If you were to try to use just a cron job to orchestrate these tasks, you’d also have to introduce some coupling between the two tasks. Depending on the complexity of the original scripts files, you could:
- Merge the two scripts into one, kicking off one task after the other with a check on the completion and result, or
- Have a separate script to manage the ordering and dependency. This would minimise the changes to the original scripts.
The downside of both of these approaches is that if there are any future changes to the workflow logic, you will have to change the scripts correspondingly. Even worse, if the scripts belong to multiple projects, the coupling will make the source code more messy and complicated. Finally, you’ll also need to have something in place to monitor the progress of script execution, keep execution history for analysis, and send alerts when certain tasks fail, etc.

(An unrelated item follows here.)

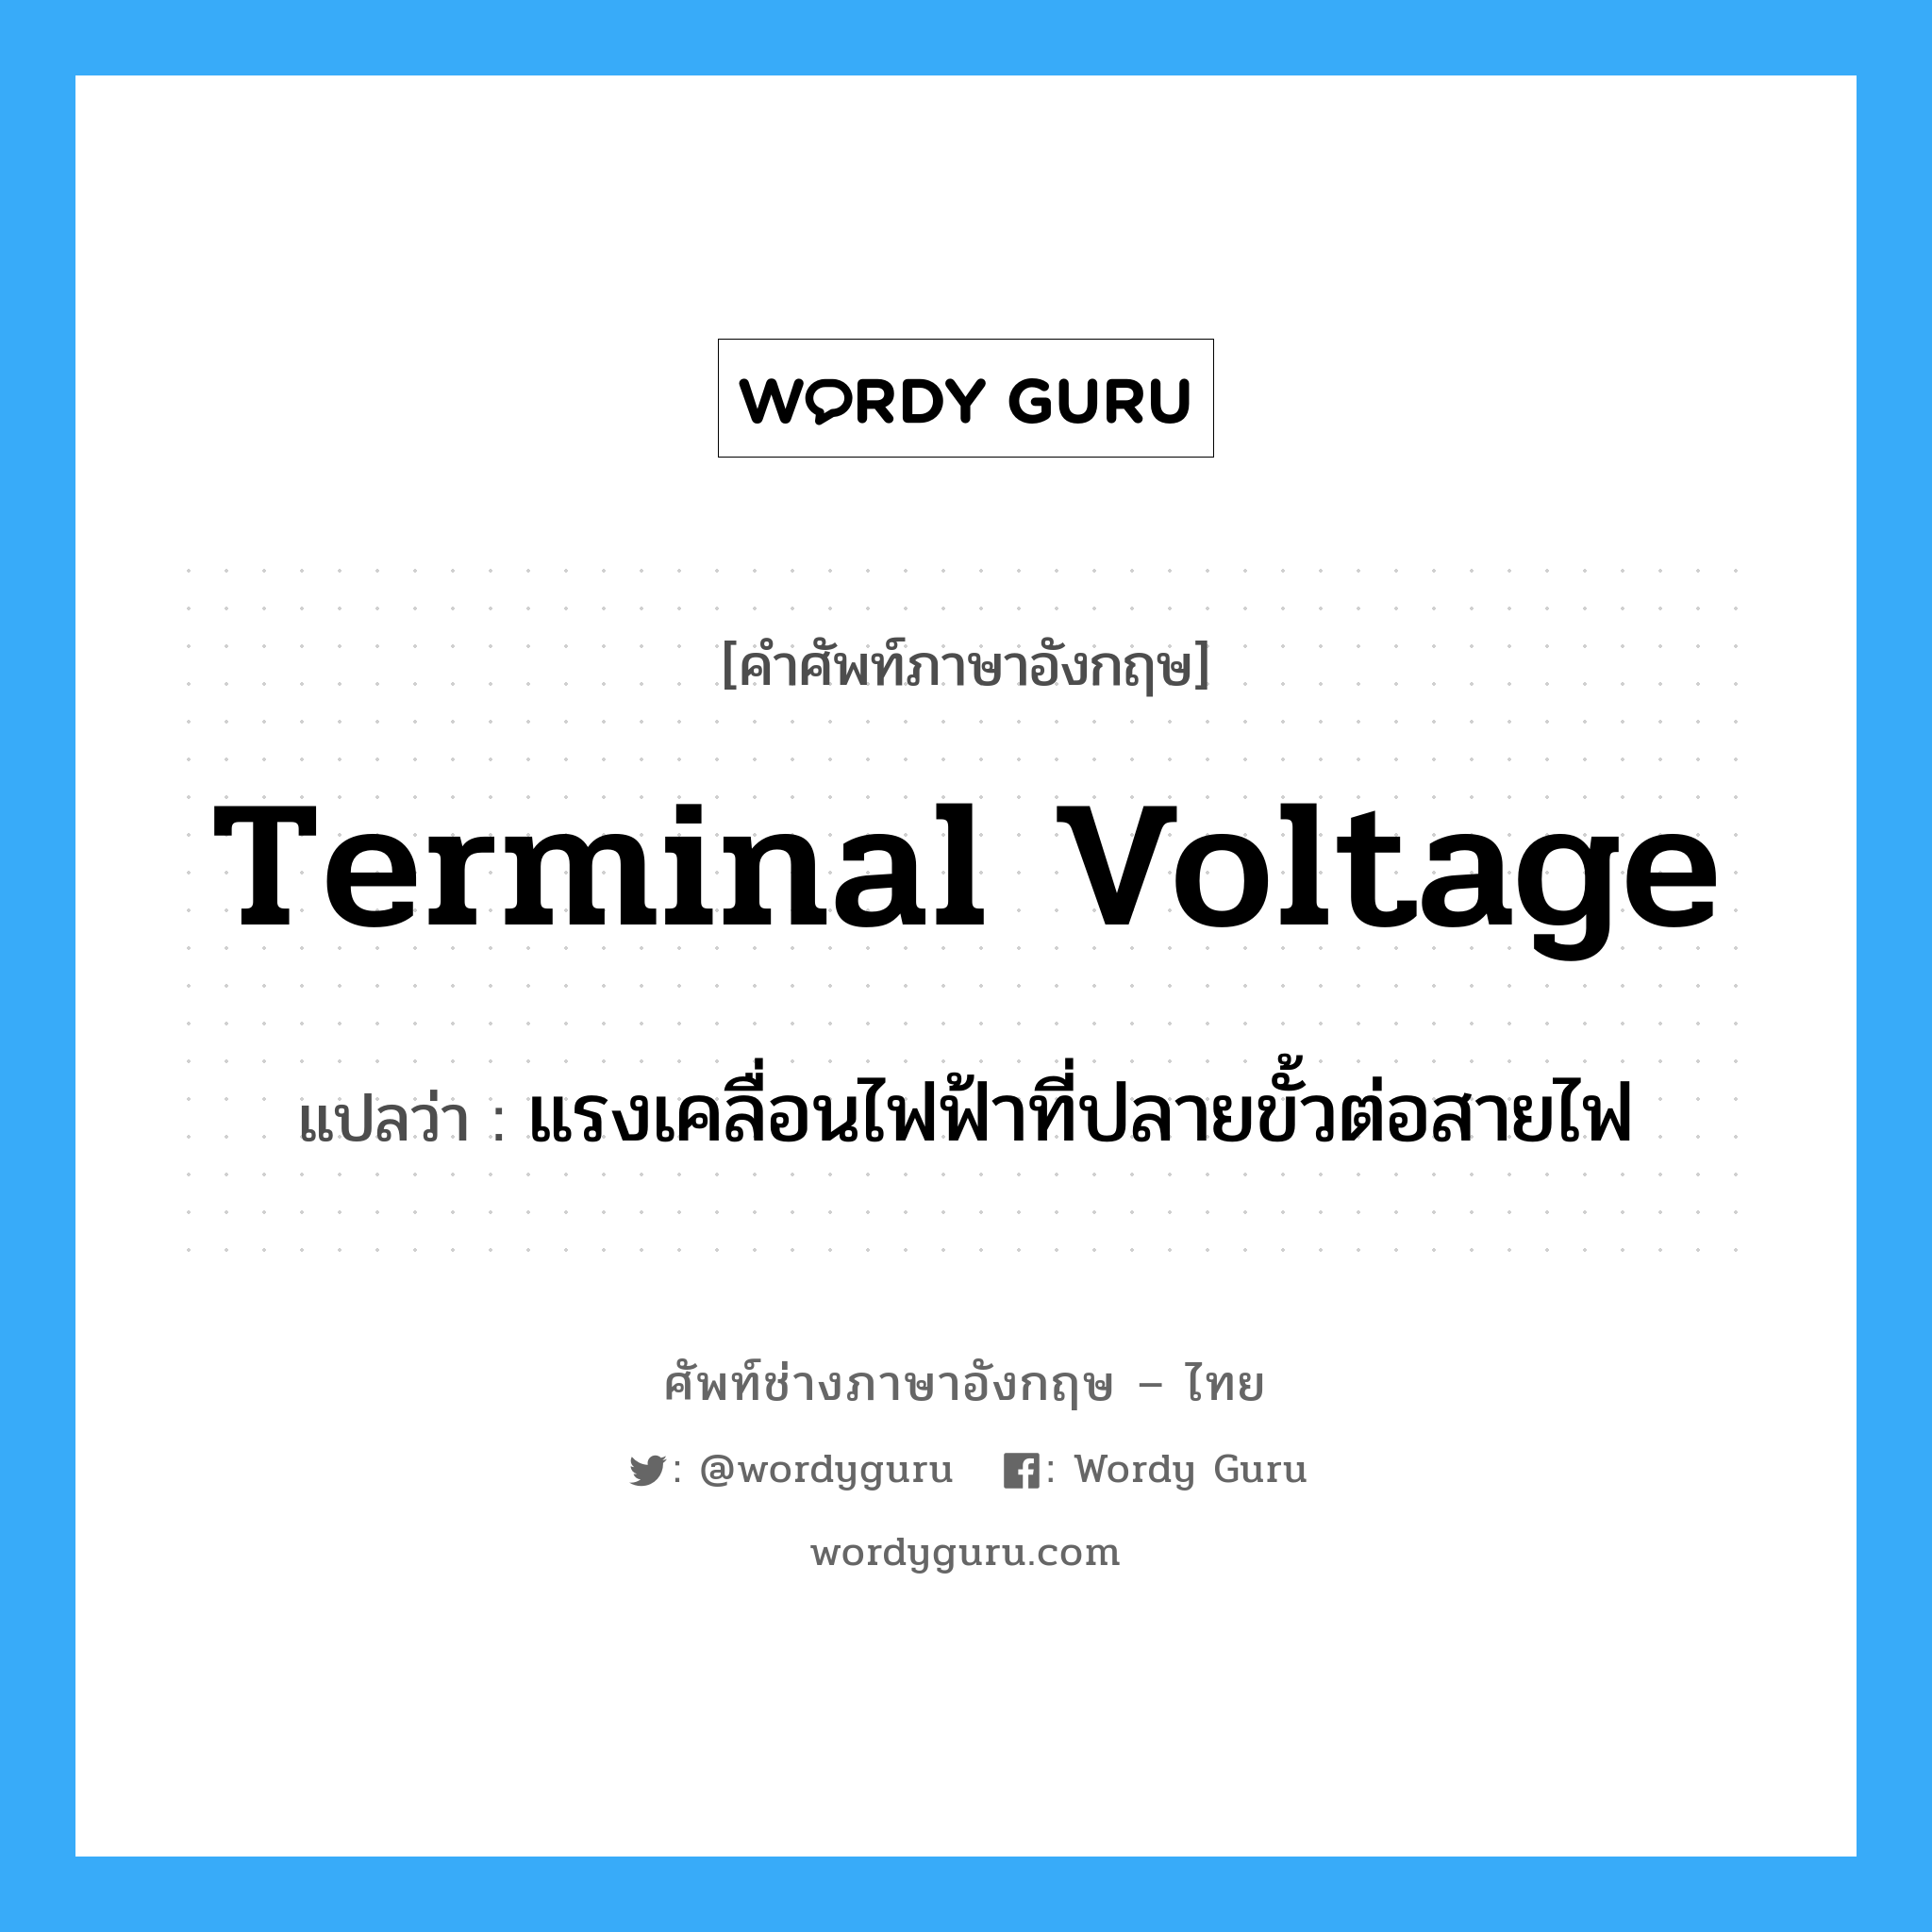 terminal voltage แปลว่า?, คำศัพท์ช่างภาษาอังกฤษ - ไทย terminal voltage คำศัพท์ภาษาอังกฤษ terminal voltage แปลว่า แรงเคลื่อนไฟฟ้าที่ปลายขั้วต่อสายไฟ

So as the true complexity of the problem dawns on us, we start to wonder: wouldn’t it be great if there was something that could manage all this without touching your original codes? And of course, the answer is simple: AWS Simple Workflow. But HOW?
The AWS SWF service is a central management tool which provides task coordination and state tracking in the AWS Cloud. To work with SWF, you can either:
- Build an application from scratch on top of the SWF framework, or
- Introduce an agent which acts as an intermediary between your existing application and SWF. This agent will be responsible for managing execution of your application, but will otherwise be totally independent from it.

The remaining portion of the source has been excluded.